Деревянного коня в гравюрах Пикассо сменяет... велосипед, чаще - детский, трехколесный (к примеру, офорт из серии гравюр "156", № 55, 23.5.70.29). Что ж, велосипед — такая же непременная принадлежность циркового реквизита, как и повозка. Но не в этом суть. Даже не трех-, а пятиколесный велосипед оседлала нелепая циркачка в экзотической шляпе с покрывалом. (Пикассо не меньше Феллини любил наряжать своих героев и героинь в вызывающе дерзкие наряды.) Но что это - за спиной коротышки на велосипеде - крылышки! Скорее всего перед нами не циркачка, а Фортуна. (Образ Фортуны встречается и в других гравюрах.) Фортуна ряженая, цирковая, игровая и игрушечная. Вместе с клоуном в причудливом костюме они похожи на кукол. В центре листа - бесстыдно вывернутая, совершенно неправильная фигура наездницы с кистью винограда в руке, ее груди огромны, она застыла на спине лошади в непристойной позе - никому еще не удавалось создать столь артистичный и вместе с тем исполненный откровенного цинизма образ, нет, не женщины, не женственности, а чего же?
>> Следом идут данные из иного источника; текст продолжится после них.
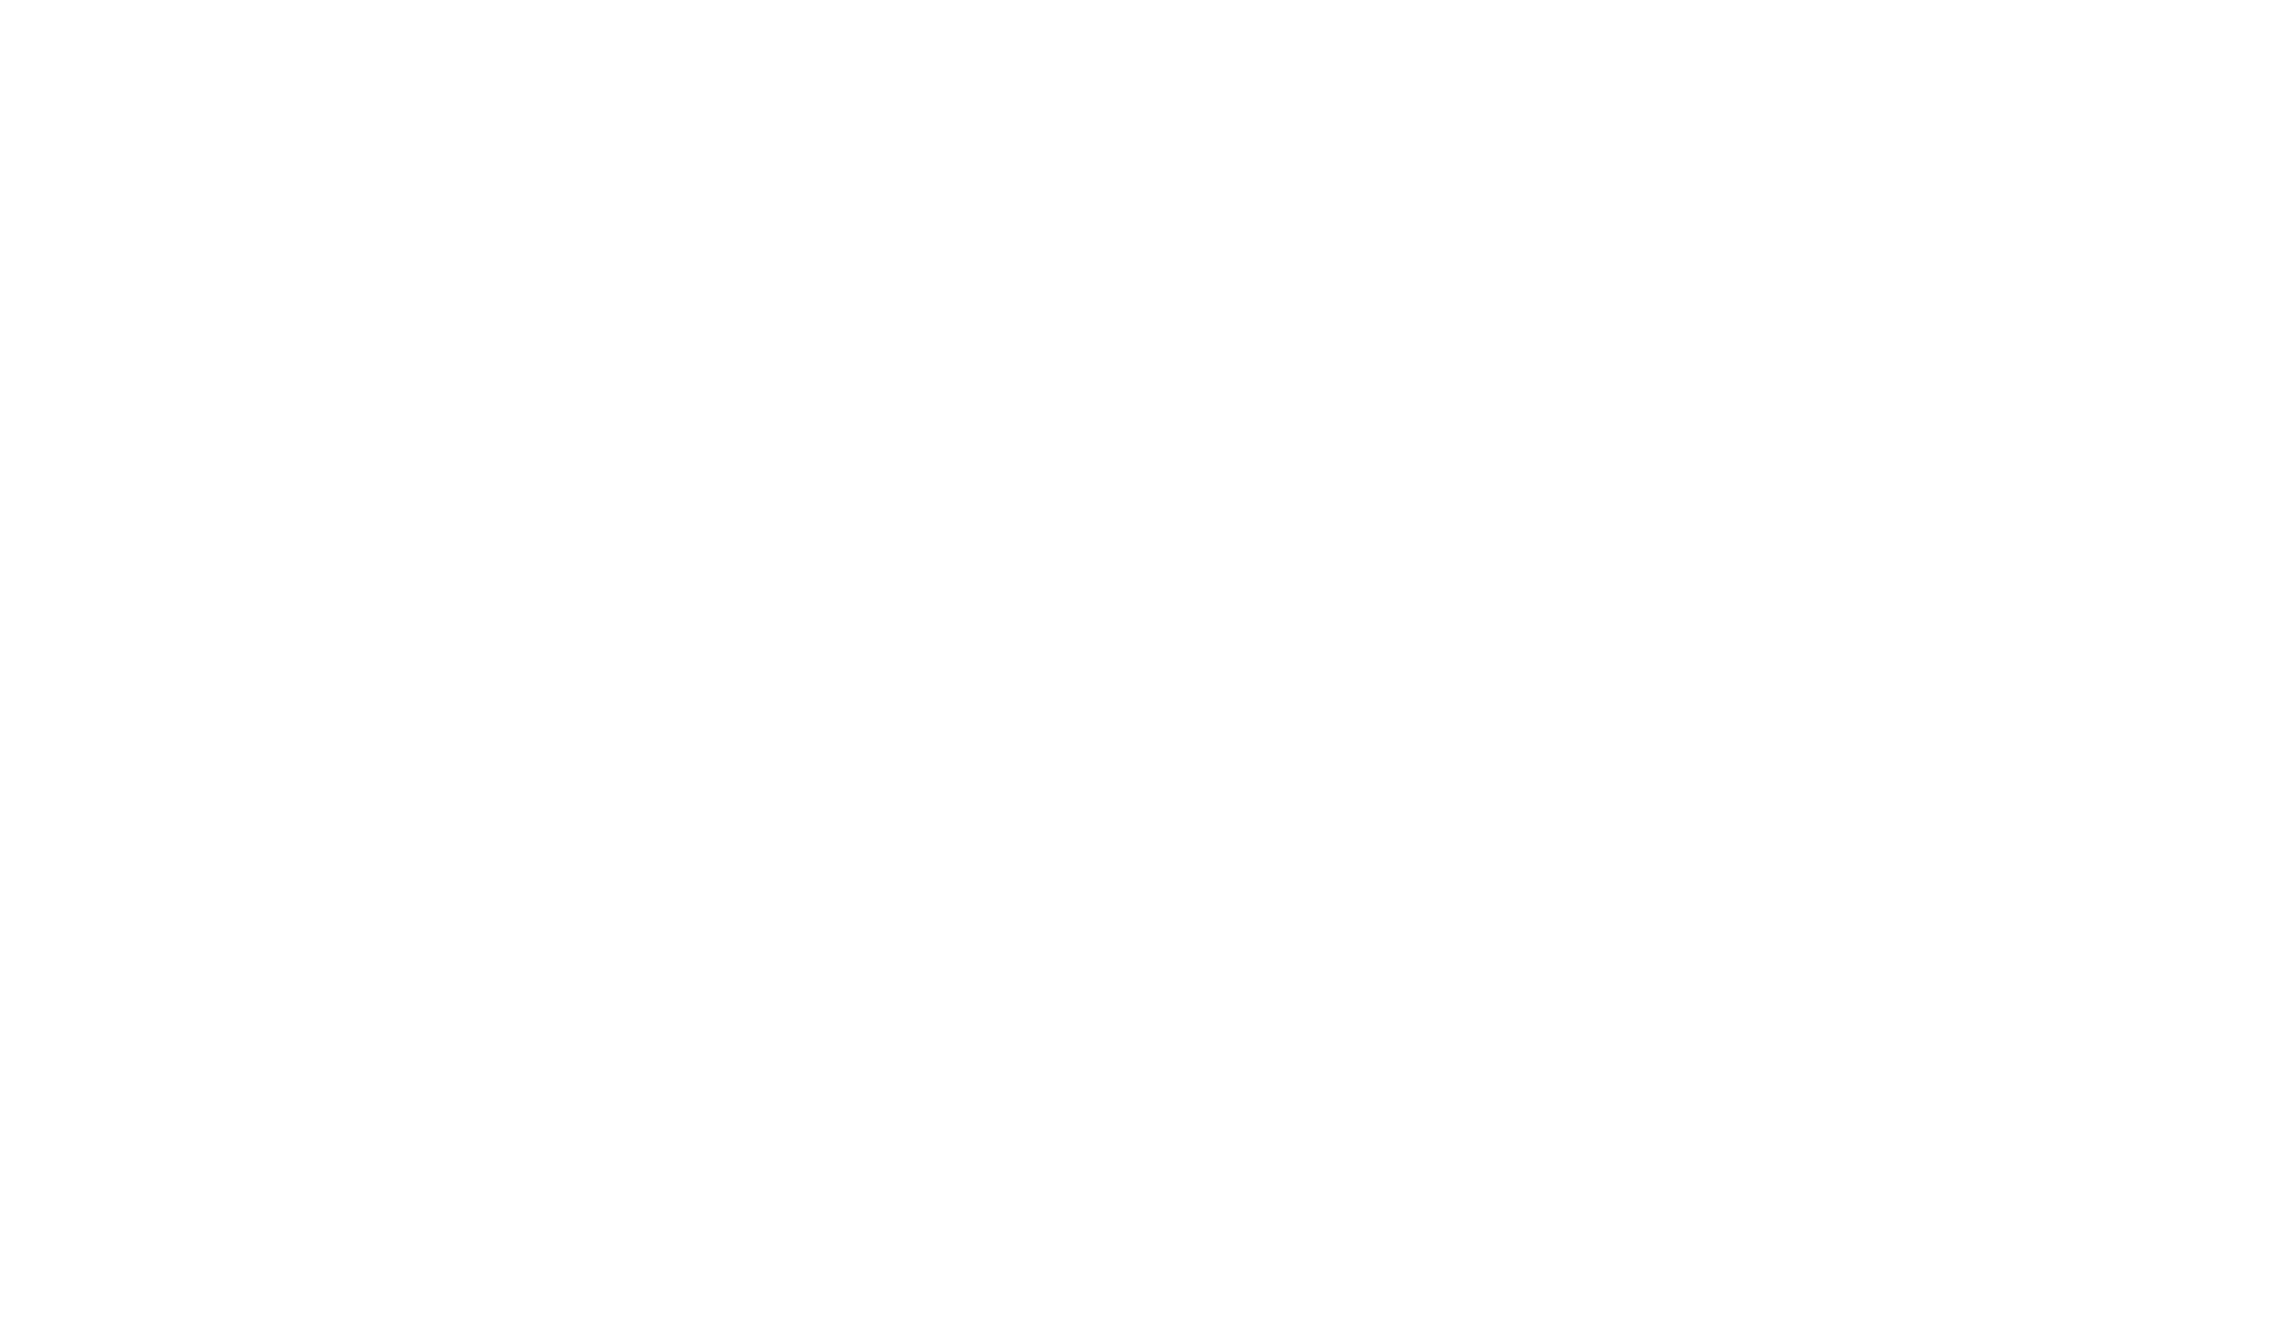 RiverbendElectric_Vertical_AllWhite-01

Цирковое игрище, бесстыдство которого сгустилось в непристойную сексуальность или бордельная "любовь", открыто демонстрирующая на манеже свои аттракционы? Не ужасаясь и не тоскуя, Пикассо создает свои загадочные образные метафоры. Они были бы слишком жестокими, если бы театральность не придала им оттенок лукавого лицедейства. В упомянутой выше композиции присутствуют еще два важных персонажа, а именно - художник и модель (впрочем, здесь она превратилась в зрителя циркового представления). Живописец с длинными волосами и бородкой, в старинном костюме (снова и снова Пикассо будет наряжать художника "Веласкесом"), тянется кистью к наезднице. И трудно сказать - то ли в самом деле перед нами цирковое представление, то ли работа художника, и тогда странные персонажи рядом с ним — просто посетители мастерской (реальные и фантастические, вроде мифической Фортуны с крылышками, сулящей успех или провал).
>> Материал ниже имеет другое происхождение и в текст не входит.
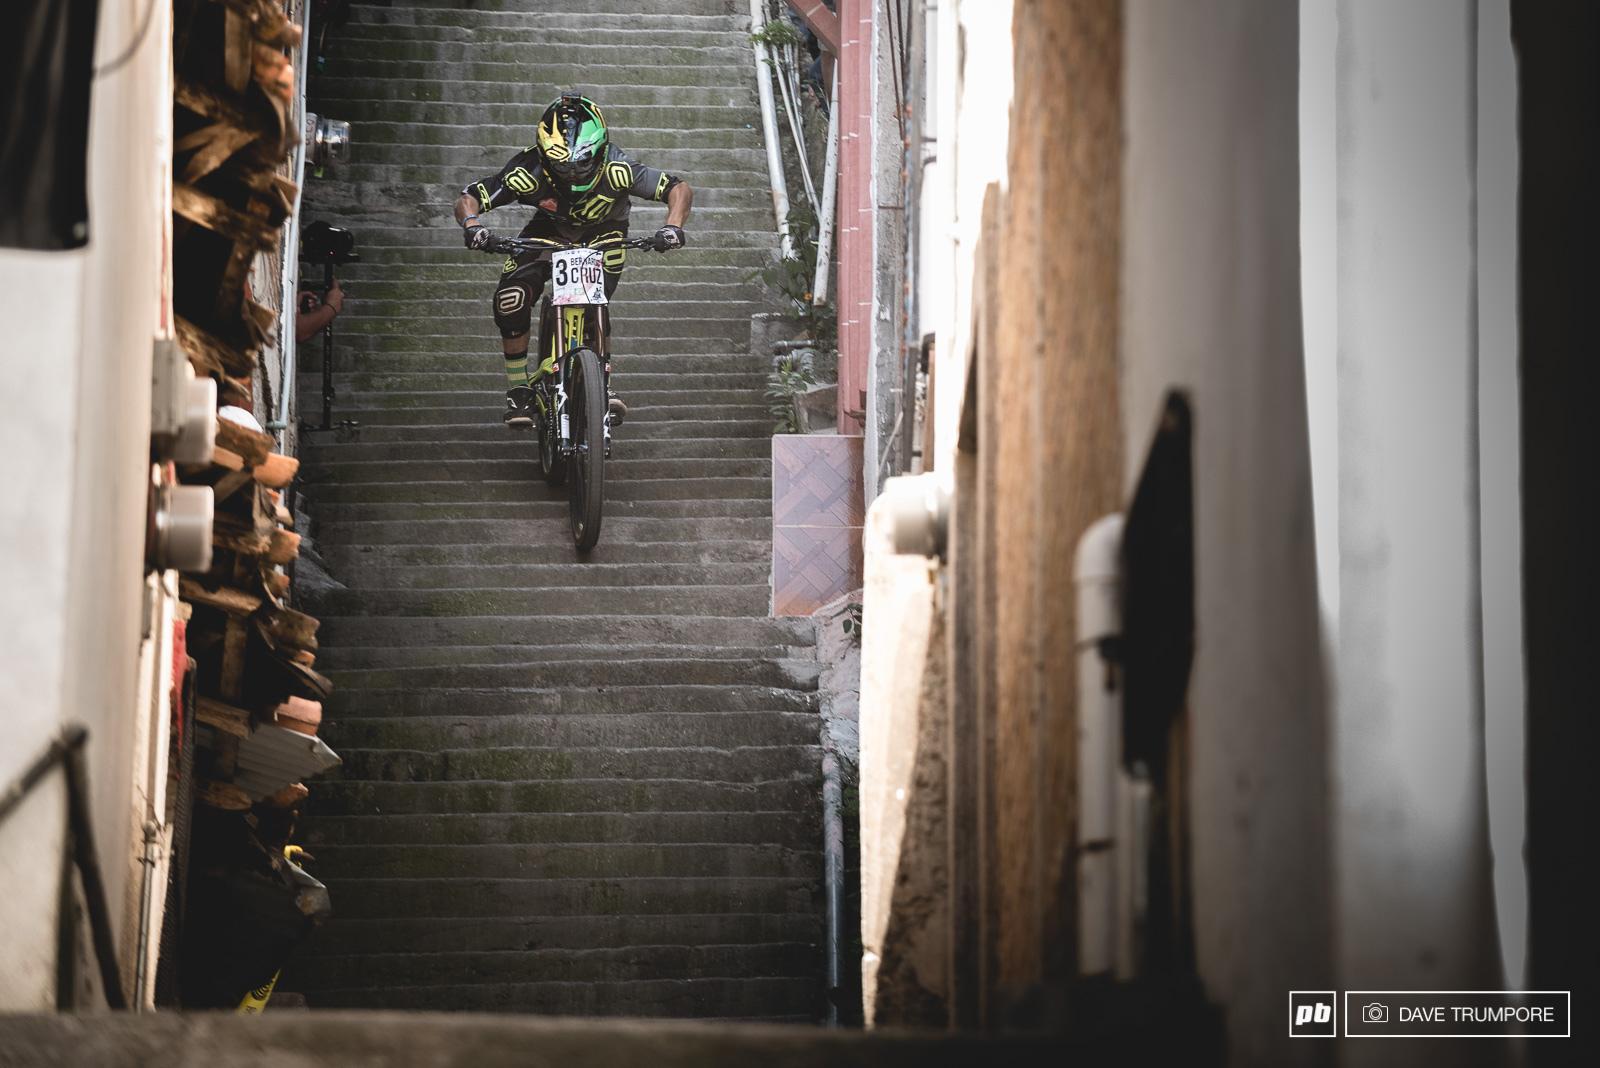 No one hits stairs as fast as Bernardo Cruz.

Поздний Пикассо нередко строит свои композиции по принципу "картина в картине", "сцена в сцене", и тогда все несообразности современного мировосприятия, его пугающая дисгармония, отсутствие спасительного флера гуманности и столь же спасительной опоры на идеал, античность, строй, ордер, эстетический закон, возникают из-под руки художника здесь и теперь, а он сам, вместе с моделью, словно поднимается на подмостки, чтобы на виду у всех сыграть свою роль. Прием "картина в картине", как уже говорилось, изначально театрален (хотя и не обязательно эту театральность сохраняет). Ведь вывести себя, художника, "на сцену", разыграть собственную творческую драму, как пьесу — в таком приеме бездна лицедейства, про которое не скажешь "правда", но и не скажешь "ложь".
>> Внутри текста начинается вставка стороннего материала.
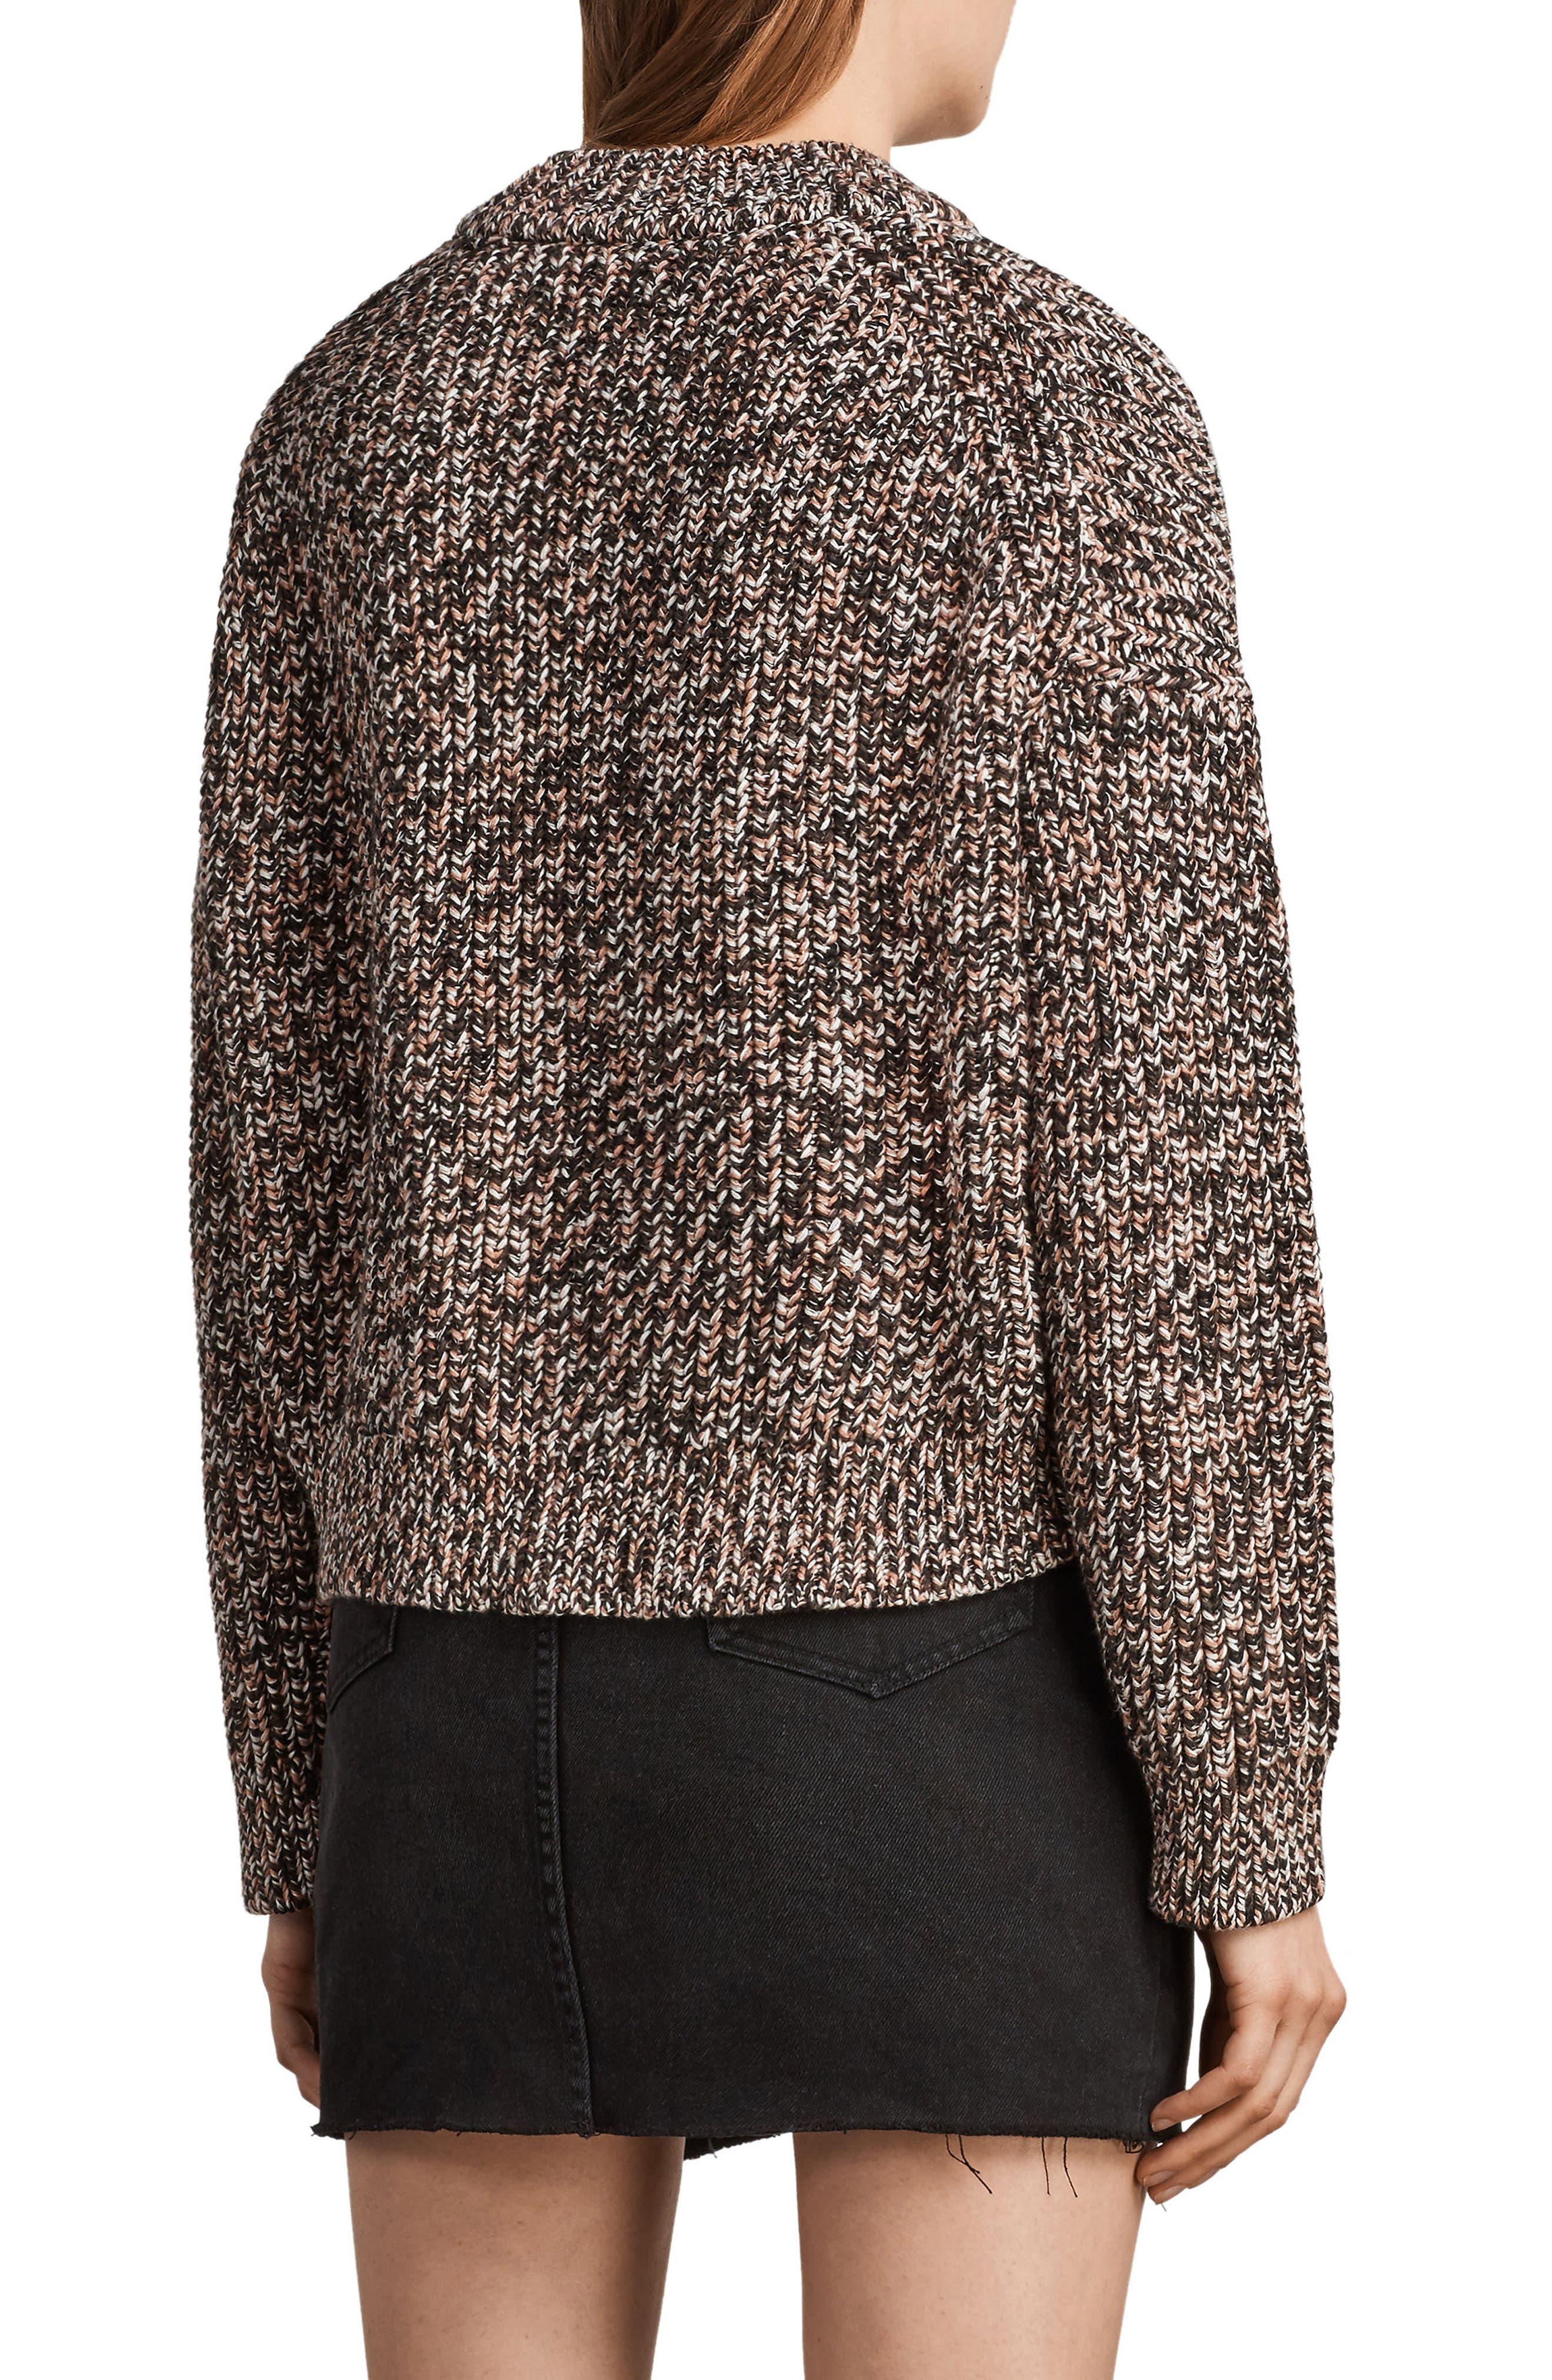 Malu Knit Sweater,                             Alternate thumbnail 2, color,                             690

Творческие муки режиссера Ансельми (как сделать фильм?) — тема и одновременно определяющий авторский прием в картине Феллини "8 1/2»". А сам Ансельми совмещает в одном лице художника-зрителя и художника-лицедея.

77

Другой фильм Феллини построен как цепь телерепортажей (как делать музыку?), наложенных на сцены репетиции музыкантов ("Репетиция оркестра"). Феллини, как и Пикассо, нередко делает свое собственное искусство предметом изображения (хотя, в сущности, и творческие муки Ансельми - это творческие муки самого Феллини). «Что, "8'/2" - психоаналитический фильм?», "Учитесь смотреть..." и т.д. - как бы случайные реплики музыкантов, собравшихся на репетицию оркестра, выдают сокровенную тайну режиссера - увидеть на воображаемой сцене свое собственное искусство.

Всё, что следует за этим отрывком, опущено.